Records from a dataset
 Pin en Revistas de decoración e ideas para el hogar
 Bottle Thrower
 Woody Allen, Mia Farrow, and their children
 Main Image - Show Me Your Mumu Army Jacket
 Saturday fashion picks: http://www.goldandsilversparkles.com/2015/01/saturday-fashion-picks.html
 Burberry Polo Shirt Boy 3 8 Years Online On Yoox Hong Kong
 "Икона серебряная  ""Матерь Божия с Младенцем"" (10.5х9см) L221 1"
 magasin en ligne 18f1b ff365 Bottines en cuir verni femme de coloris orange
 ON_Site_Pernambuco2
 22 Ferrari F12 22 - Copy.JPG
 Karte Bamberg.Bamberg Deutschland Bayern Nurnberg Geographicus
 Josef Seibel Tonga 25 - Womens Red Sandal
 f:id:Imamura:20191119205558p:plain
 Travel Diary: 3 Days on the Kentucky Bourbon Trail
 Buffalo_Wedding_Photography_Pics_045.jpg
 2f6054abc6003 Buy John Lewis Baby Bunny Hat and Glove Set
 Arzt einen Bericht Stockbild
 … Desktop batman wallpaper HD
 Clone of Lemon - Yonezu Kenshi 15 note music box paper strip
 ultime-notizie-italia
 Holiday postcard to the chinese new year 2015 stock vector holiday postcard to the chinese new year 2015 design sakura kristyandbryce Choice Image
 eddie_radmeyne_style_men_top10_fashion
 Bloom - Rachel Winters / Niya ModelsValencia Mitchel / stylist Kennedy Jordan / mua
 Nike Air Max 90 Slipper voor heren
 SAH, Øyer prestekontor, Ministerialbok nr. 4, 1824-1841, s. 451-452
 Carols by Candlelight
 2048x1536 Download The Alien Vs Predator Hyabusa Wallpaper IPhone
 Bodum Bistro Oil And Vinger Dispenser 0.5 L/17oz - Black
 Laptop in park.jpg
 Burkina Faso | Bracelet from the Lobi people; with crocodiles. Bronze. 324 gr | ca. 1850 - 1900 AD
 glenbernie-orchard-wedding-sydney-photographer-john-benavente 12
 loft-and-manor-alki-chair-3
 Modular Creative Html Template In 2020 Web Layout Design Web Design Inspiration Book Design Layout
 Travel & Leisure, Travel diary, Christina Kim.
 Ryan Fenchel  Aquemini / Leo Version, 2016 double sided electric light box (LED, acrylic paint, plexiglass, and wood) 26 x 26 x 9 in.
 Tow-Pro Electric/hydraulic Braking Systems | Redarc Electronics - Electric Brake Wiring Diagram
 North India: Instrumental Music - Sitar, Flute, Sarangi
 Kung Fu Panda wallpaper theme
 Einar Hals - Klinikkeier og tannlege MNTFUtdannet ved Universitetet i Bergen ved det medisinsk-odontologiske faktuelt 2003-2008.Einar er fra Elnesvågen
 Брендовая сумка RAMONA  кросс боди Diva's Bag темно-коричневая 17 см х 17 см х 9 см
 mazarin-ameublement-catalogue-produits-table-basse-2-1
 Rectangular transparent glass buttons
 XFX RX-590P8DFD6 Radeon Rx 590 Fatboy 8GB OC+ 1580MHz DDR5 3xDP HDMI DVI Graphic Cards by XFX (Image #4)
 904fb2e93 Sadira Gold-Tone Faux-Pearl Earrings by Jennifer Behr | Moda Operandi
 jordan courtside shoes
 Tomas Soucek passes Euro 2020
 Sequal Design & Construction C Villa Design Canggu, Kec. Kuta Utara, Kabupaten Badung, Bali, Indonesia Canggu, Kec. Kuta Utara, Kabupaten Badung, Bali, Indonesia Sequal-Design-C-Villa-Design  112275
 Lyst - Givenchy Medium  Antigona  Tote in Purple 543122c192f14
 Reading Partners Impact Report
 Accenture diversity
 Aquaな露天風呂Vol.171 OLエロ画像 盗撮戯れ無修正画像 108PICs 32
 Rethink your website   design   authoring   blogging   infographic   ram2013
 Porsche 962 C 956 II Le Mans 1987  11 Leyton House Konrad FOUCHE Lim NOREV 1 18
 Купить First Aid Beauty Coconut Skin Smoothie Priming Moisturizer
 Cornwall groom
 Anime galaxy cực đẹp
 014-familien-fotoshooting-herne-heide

[Exercise directions]:
Every line of the data above should be retyped precisely.

[Solution to the problem]:
 Pin en Revistas de decoración e ideas para el hogar
 Bottle Thrower
 Woody Allen, Mia Farrow, and their children
 Main Image - Show Me Your Mumu Army Jacket
 Saturday fashion picks: http://www.goldandsilversparkles.com/2015/01/saturday-fashion-picks.html
 Burberry Polo Shirt Boy 3 8 Years Online On Yoox Hong Kong
 "Икона серебряная  ""Матерь Божия с Младенцем"" (10.5х9см) L221 1"
 magasin en ligne 18f1b ff365 Bottines en cuir verni femme de coloris orange
 ON_Site_Pernambuco2
 22 Ferrari F12 22 - Copy.JPG
 Karte Bamberg.Bamberg Deutschland Bayern Nurnberg Geographicus
 Josef Seibel Tonga 25 - Womens Red Sandal
 f:id:Imamura:20191119205558p:plain
 Travel Diary: 3 Days on the Kentucky Bourbon Trail
 Buffalo_Wedding_Photography_Pics_045.jpg
 2f6054abc6003 Buy John Lewis Baby Bunny Hat and Glove Set
 Arzt einen Bericht Stockbild
 … Desktop batman wallpaper HD
 Clone of Lemon - Yonezu Kenshi 15 note music box paper strip
 ultime-notizie-italia
 Holiday postcard to the chinese new year 2015 stock vector holiday postcard to the chinese new year 2015 design sakura kristyandbryce Choice Image
 eddie_radmeyne_style_men_top10_fashion
 Bloom - Rachel Winters / Niya ModelsValencia Mitchel / stylist Kennedy Jordan / mua
 Nike Air Max 90 Slipper voor heren
 SAH, Øyer prestekontor, Ministerialbok nr. 4, 1824-1841, s. 451-452
 Carols by Candlelight
 2048x1536 Download The Alien Vs Predator Hyabusa Wallpaper IPhone
 Bodum Bistro Oil And Vinger Dispenser 0.5 L/17oz - Black
 Laptop in park.jpg
 Burkina Faso | Bracelet from the Lobi people; with crocodiles. Bronze. 324 gr | ca. 1850 - 1900 AD
 glenbernie-orchard-wedding-sydney-photographer-john-benavente 12
 loft-and-manor-alki-chair-3
 Modular Creative Html Template In 2020 Web Layout Design Web Design Inspiration Book Design Layout
 Travel & Leisure, Travel diary, Christina Kim.
 Ryan Fenchel  Aquemini / Leo Version, 2016 double sided electric light box (LED, acrylic paint, plexiglass, and wood) 26 x 26 x 9 in.
 Tow-Pro Electric/hydraulic Braking Systems | Redarc Electronics - Electric Brake Wiring Diagram
 North India: Instrumental Music - Sitar, Flute, Sarangi
 Kung Fu Panda wallpaper theme
 Einar Hals - Klinikkeier og tannlege MNTFUtdannet ved Universitetet i Bergen ved det medisinsk-odontologiske faktuelt 2003-2008.Einar er fra Elnesvågen
 Брендовая сумка RAMONA  кросс боди Diva's Bag темно-коричневая 17 см х 17 см х 9 см
 mazarin-ameublement-catalogue-produits-table-basse-2-1
 Rectangular transparent glass buttons
 XFX RX-590P8DFD6 Radeon Rx 590 Fatboy 8GB OC+ 1580MHz DDR5 3xDP HDMI DVI Graphic Cards by XFX (Image #4)
 904fb2e93 Sadira Gold-Tone Faux-Pearl Earrings by Jennifer Behr | Moda Operandi
 jordan courtside shoes
 Tomas Soucek passes Euro 2020
 Sequal Design & Construction C Villa Design Canggu, Kec. Kuta Utara, Kabupaten Badung, Bali, Indonesia Canggu, Kec. Kuta Utara, Kabupaten Badung, Bali, Indonesia Sequal-Design-C-Villa-Design  112275
 Lyst - Givenchy Medium  Antigona  Tote in Purple 543122c192f14
 Reading Partners Impact Report
 Accenture diversity
 Aquaな露天風呂Vol.171 OLエロ画像 盗撮戯れ無修正画像 108PICs 32
 Rethink your website   design   authoring   blogging   infographic   ram2013
 Porsche 962 C 956 II Le Mans 1987  11 Leyton House Konrad FOUCHE Lim NOREV 1 18
 Купить First Aid Beauty Coconut Skin Smoothie Priming Moisturizer
 Cornwall groom
 Anime galaxy cực đẹp
 014-familien-fotoshooting-herne-heide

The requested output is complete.